• GIVEN DATA:

=== Section Start ===

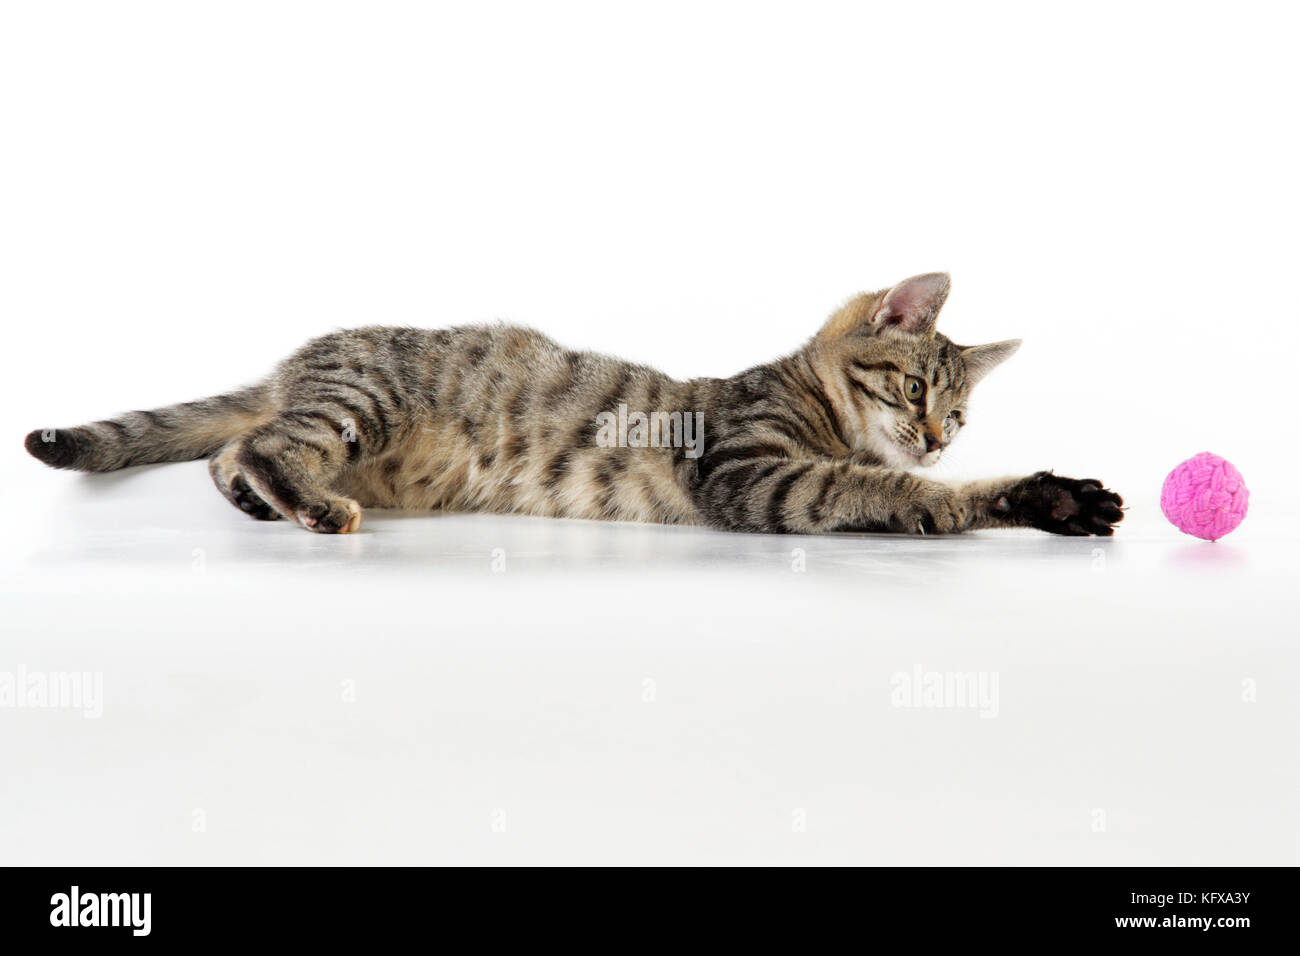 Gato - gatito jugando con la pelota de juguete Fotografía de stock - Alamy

=== Section End ===
=== Section Start ===

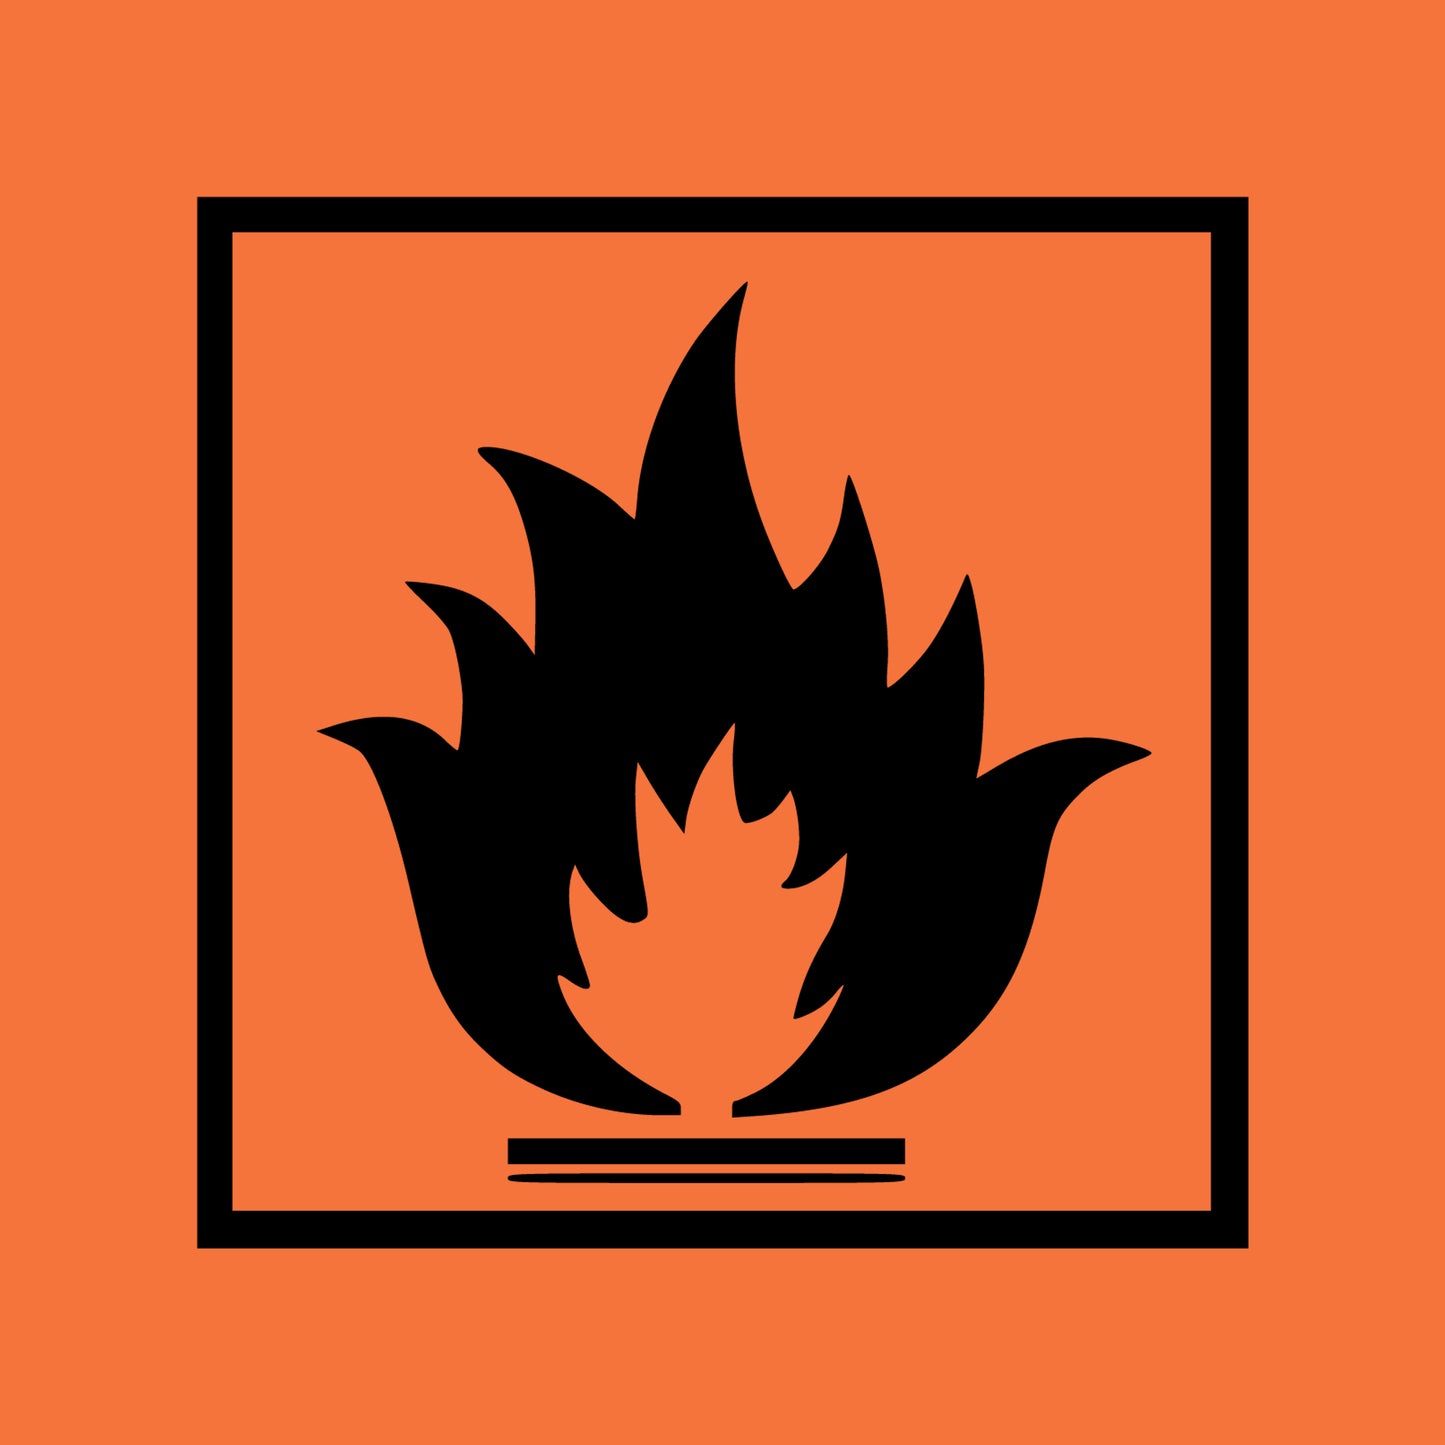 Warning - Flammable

=== Section End ===
=== Section Start ===

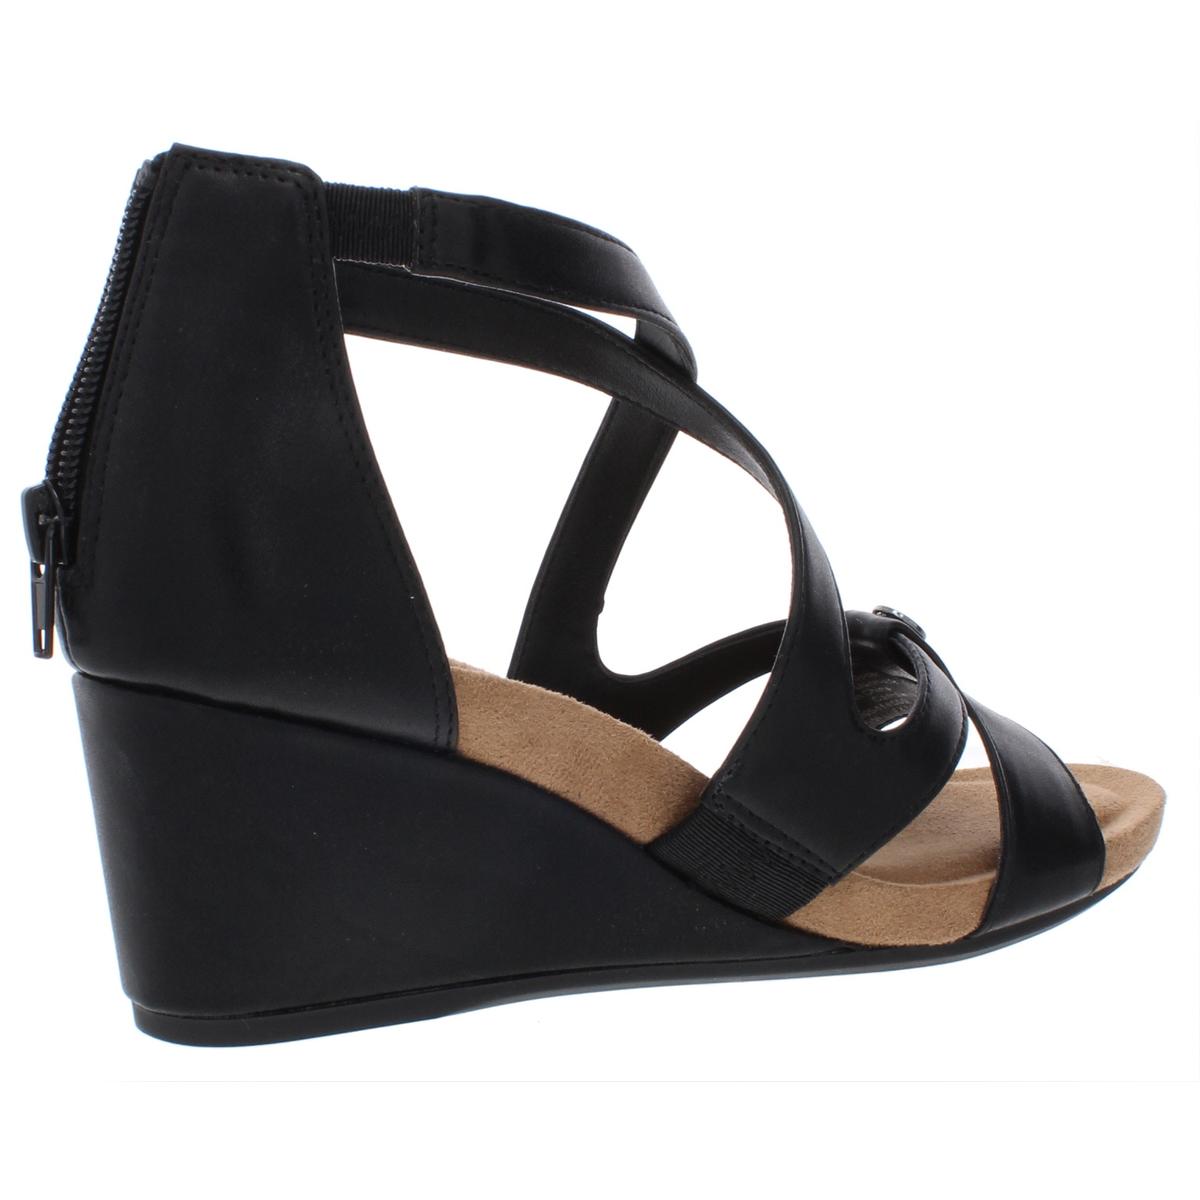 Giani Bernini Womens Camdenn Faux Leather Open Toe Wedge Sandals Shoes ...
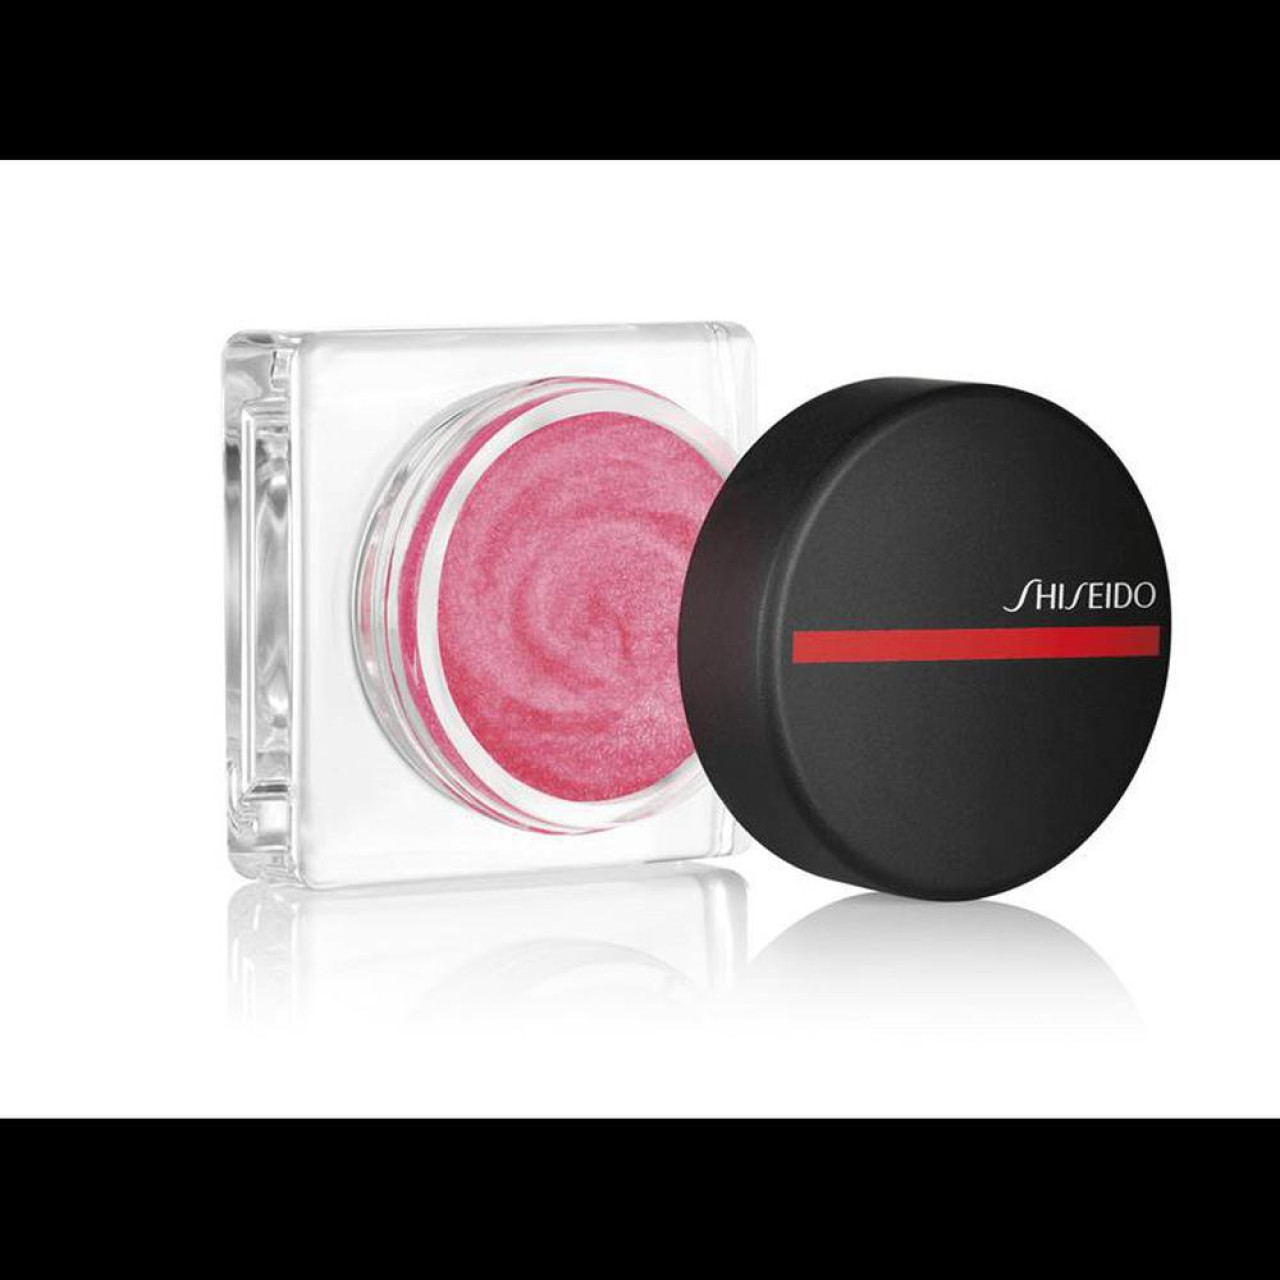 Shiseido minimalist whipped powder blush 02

=== Section End ===

The copy should hold only the lines from the one with "Giani Bernini Womens" through the one with "Shiseido minimalist whipped powder blush 02", exactly as they stand above. Leave out the pictures.

 Giani Bernini Womens Camdenn Faux Leather Open Toe Wedge Sandals Shoes ...
 Shiseido minimalist whipped powder blush 02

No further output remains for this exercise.